正如ShinTakezou建议的那样，我进行了重构，将堆栈放在堆上，它运行得很好。我使用了digEmAll示例中的DepthFirstSearch方法。

var clusterByProteinId = new Map<long, long>();
int clusterId = 0;
var clusterStack = new Stack<KeyValuePair<long, Set<long>>>();

foreach (var pair in spectrumSetByProteinId)
{
    long proteinId = pair.Key;

    if (clusterByProteinId.Contains(proteinId))
        continue;

    // for each protein without a cluster assignment, make a new cluster
    ++clusterId;
    clusterStack.Push(new KeyValuePair<long, Set<long>>(proteinId, spectrumSetByProteinId[proteinId]));
    while (clusterStack.Count > 0)
    {
        var kvp = clusterStack.Pop();

        // try to assign the protein to the current cluster
        var insertResult = clusterByProteinId.Insert(kvp.Key, clusterId);
        if (!insertResult.WasInserted)
            continue;

        // add all "cousin" proteins to the current cluster
        foreach (long spectrumId in kvp.Value)
            foreach (var cousinProteinId in proteinSetBySpectrumId[spectrumId])
                if (!clusterByProteinId.Contains(cousinProteinId))
                    clusterStack.Push(new KeyValuePair<long, Set<long>>(cousinProteinId, spectrumSetByProteinId[cousinProteinId]));
    }
}

- Matt Chambers

发布你的递归方法，有人在这里为你将其转化为迭代方法。 - Brannon

2

当递归消耗太多栈时，作为第一次尝试保持相同算法，您可以尝试将递归转换为从堆栈（对于函数的所需参数，在该堆栈上调用相同函数成为推送）中消耗数据的循环。当然，我指的是用户实现的LIFO列表，这需要一些工作，但是这样您就受到堆而不是栈的限制。（也许这仅适用于尾递归？

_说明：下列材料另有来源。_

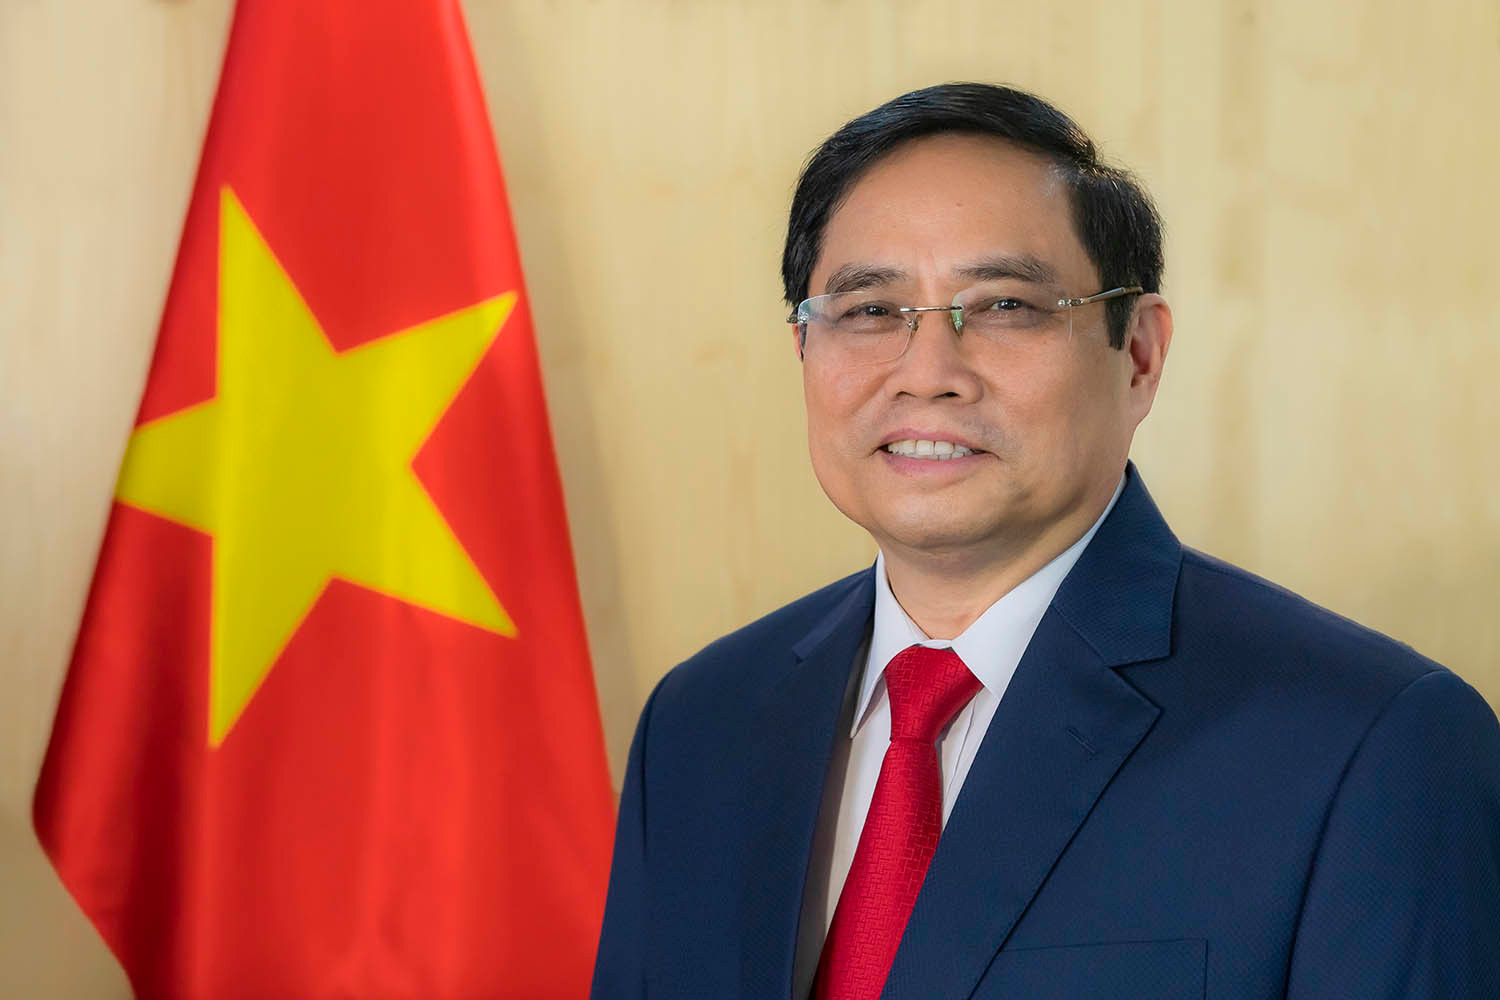 Thủ tướng Chính phủ Phạm Minh Chính dự Hội nghị cấp cao ASEAN lần thứ 42 từ ngày 9-11/5 - Ảnh 1.

我得想想...） - ShinTakezou

“Components”指的是子图吗？ - Beta

1个回答

网页内容由stack overflow 提供, 点击上面的

可以查看英文原文，
原文链接

- digEmAll · Accepted Answer

下面是一个帮助类的示例，它保存一个无向图，并允许获取它的连通组件（迭代方式）:

public class Graph<T>
{
    public Dictionary<T, HashSet<T>> nodesNeighbors;
    public IEnumerable<T> Nodes
    {
        get { return nodesNeighbors.Keys; }
    }
    public Graph()
    {
        this.nodesNeighbors = new Dictionary<T, HashSet<T>>();
    }
    public void AddNode(T node)
    {
        this.nodesNeighbors.Add(node, new HashSet<T>());
    }
    public void AddNodes(IEnumerable<T> nodes)
    {
        foreach (var n in nodes)
            this.AddNode(n);
    }
    public void AddArc(T from, T to)
    {
        this.nodesNeighbors[from].Add(to);
        this.nodesNeighbors[to].Add(from);
    }
    public bool ContainsNode(T node)
    {
        return this.nodesNeighbors.ContainsKey(node);
    }
    public IEnumerable<T> GetNeighbors(T node)
    {
        return nodesNeighbors[node];
    }
    public IEnumerable<T> DepthFirstSearch(T nodeStart)
    {
        var stack = new Stack<T>();
        var visitedNodes = new HashSet<T>();
        stack.Push(nodeStart);
        while (stack.Count > 0)
        {
            var curr = stack.Pop();
            if (!visitedNodes.Contains(curr))
            {
                visitedNodes.Add(curr);
                yield return curr;
                foreach (var next in this.GetNeighbors(curr))
                {
                    if (!visitedNodes.Contains(next))
                        stack.Push(next);
                }
            }
        }
    }
    public Graph<T> GetSubGraph(IEnumerable<T> nodes)
    {
        Graph<T> g = new Graph<T>();
        g.AddNodes(nodes);
        foreach (var n in g.Nodes.ToList())
        {
            foreach (var neigh in this.GetNeighbors(n))
                g.AddArc(n, neigh);
        }
        return g;
    }

    public IEnumerable<Graph<T>> GetConnectedComponents()
    {
        var visitedNodes = new HashSet<T>();
        var components = new List<Graph<T>>();

        foreach (var node in this.Nodes)
        {
            if (!visitedNodes.Contains(node))
            {
                var subGraph = GetSubGraph(this.DepthFirstSearch(node));
                components.Add(subGraph);
                visitedNodes.UnionWith(subGraph.Nodes);
            }
        }
        return components;
    }
}

使用方法：

static void Main(string[] args)
{
    var g = new Graph<long>();
    g.AddNodes(new long[] { 1, 2, 3, 4, 5, 6, 7, 8, 9 });
    g.AddArc(1, 2);
    g.AddArc(1, 3);

    g.AddArc(9, 6);
    g.AddArc(6, 7);
    g.AddArc(6, 8);

    g.AddArc(4, 5);

    var subGraphs = g.GetConnectedComponents();

}

您可以使用Graph<>类替代您的映射，或者如果您想继续使用映射，请查看代码，这很容易理解（在类内部使用了Dictionary<T,HashSet<T>>来保存节点和弧，因此与您的方法非常相似）。